Last Sunday Jim pointed out that a Hebrew phrase of Gen. 2:17 is emphatic. Literally, it is translated as "dying you will die" (or for the purists, "dying you shall die"). That repetitive construction--called an infinitive absolute--is quite common in Hebrew. If we kept its literal translation in an English Bible version, users of that version would not understand its Hebrew meaning, because English uses other ways to express emphasis and intensity.

The Next Bible webpage
(a new resource from the NET Bible folks) for Gen. 2:17 displays not a single English version which literally translates the Hebrew idiom. Even the NASB, which is one of the more literal of recent English versions, translates the Hebrew idiom to the appropriate, accurate, meaningful phrase, "you will surely die." From the Next Bible webpage you can read the NET Bible notes on the Hebrew:
Heb “dying you will die.” The imperfect verb form here has the nuance of the specific future because it is introduced with the temporal clause, “when you eat…you will die.” That certainty is underscored with the infinitive absolute, “you will surely die.”
The Hebrew text (“dying you will die”) does not refer to two aspects of death (“dying spiritually, you will then die physically”). The construction simply emphasizes the certainty of death, however it is defined. ...
In debates over Bible versions, there is often the assumption, and sometimes the claim, that literal Bibles are better or more accurate. But even translators of literal and essentially literal translations recognize that if a literal translation does not adequately communicate the original biblical meaning, it should not be used.

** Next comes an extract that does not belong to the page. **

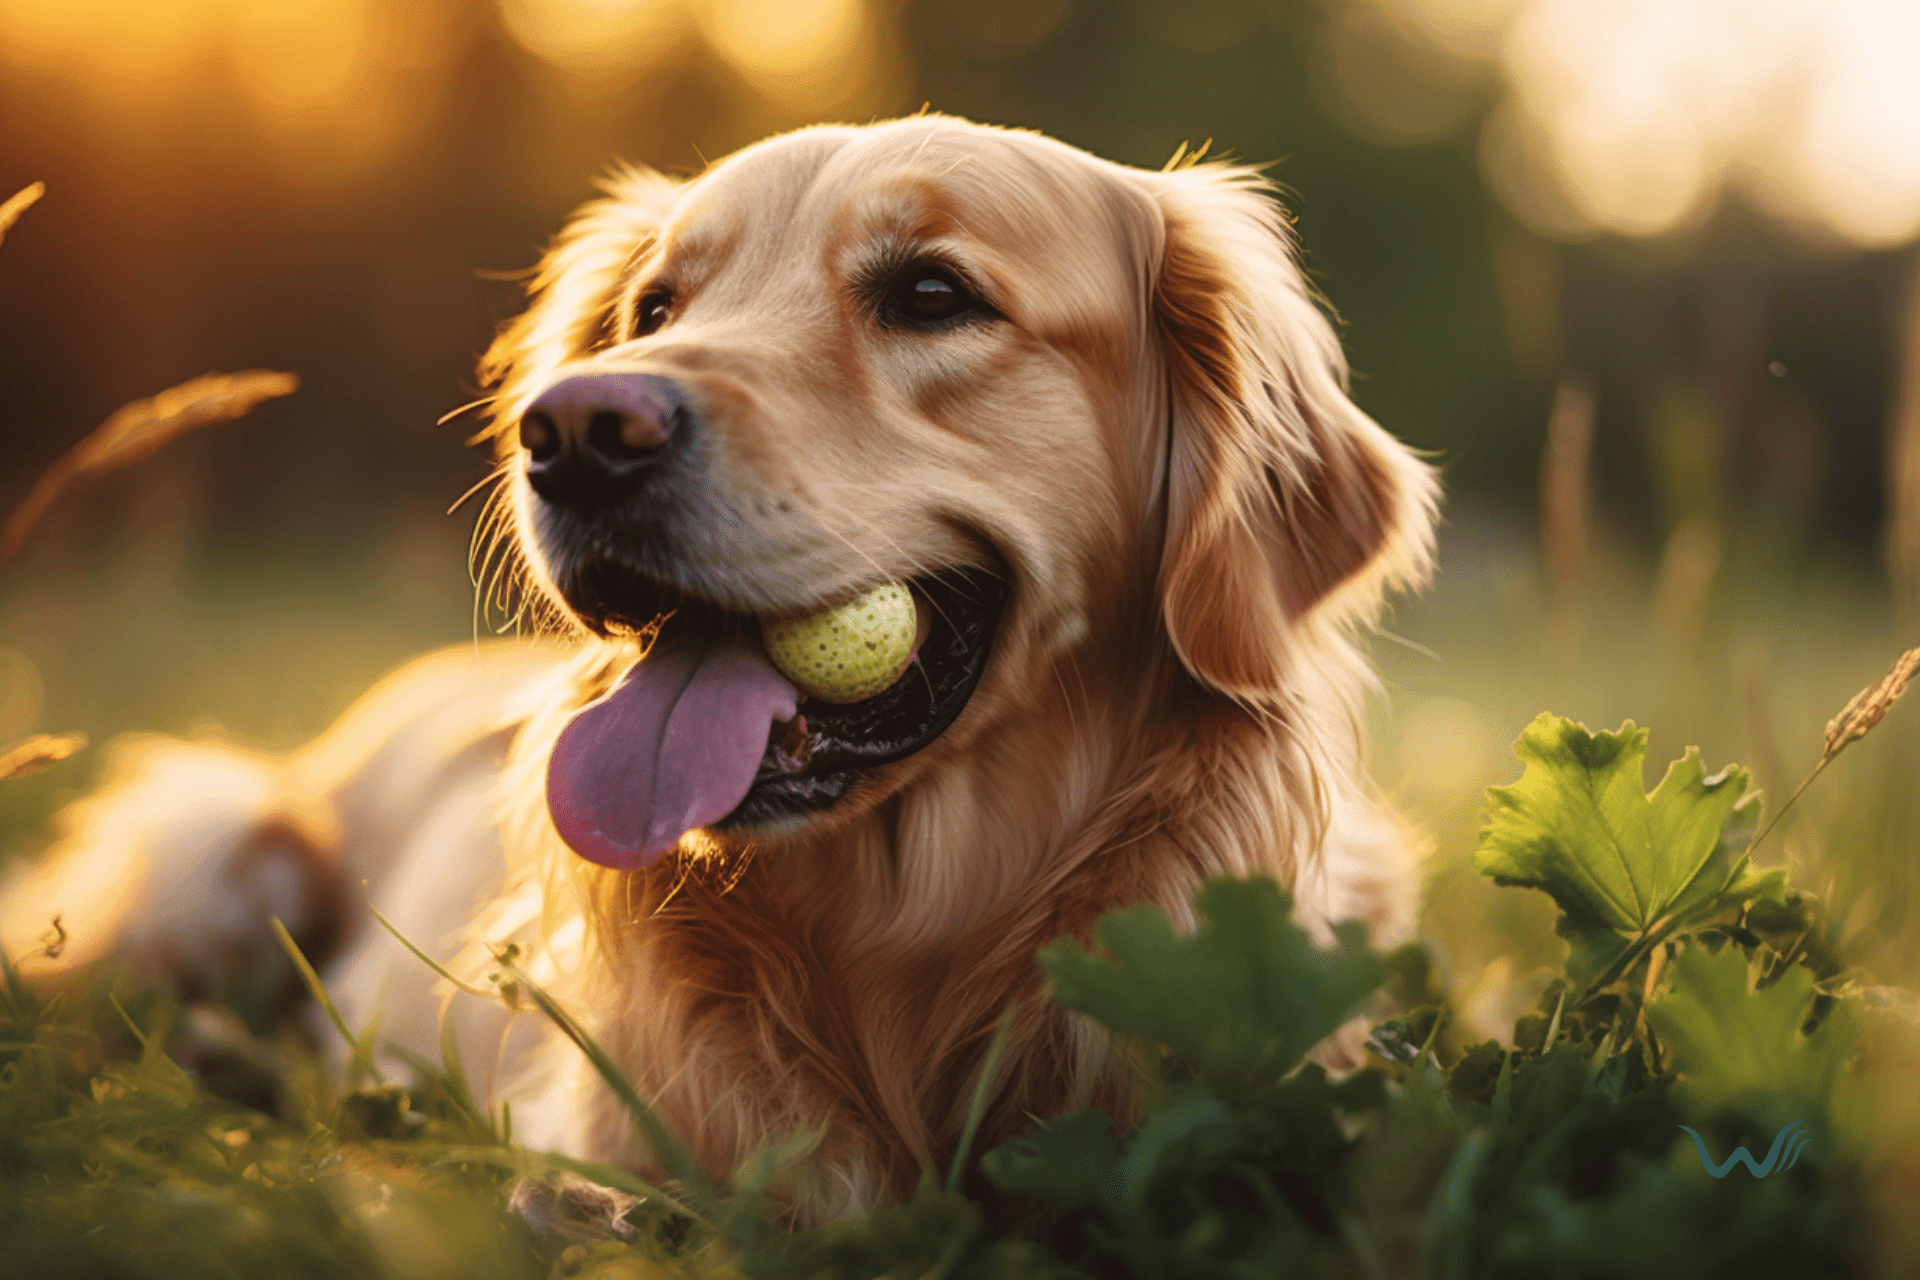 nutrition tips for dogs with food allergies

In my opinion, Bible translation debates over literalness should be reframed to ask: "How would we express this biblical text meaning in normal English?" With this approach we need not go to extremes of interpretive translation or paraphrase or translating as a commentary. Instead, we would translate within a range of normal, standard English which uses forms that are translationally equivalent to the meaning of the forms of the biblical language texts. Within that range, some Bible versions would be closer to the forms of the biblical texts and others would be less so, but all would be accurate and understandable. Bible translations within that range are better Bibles.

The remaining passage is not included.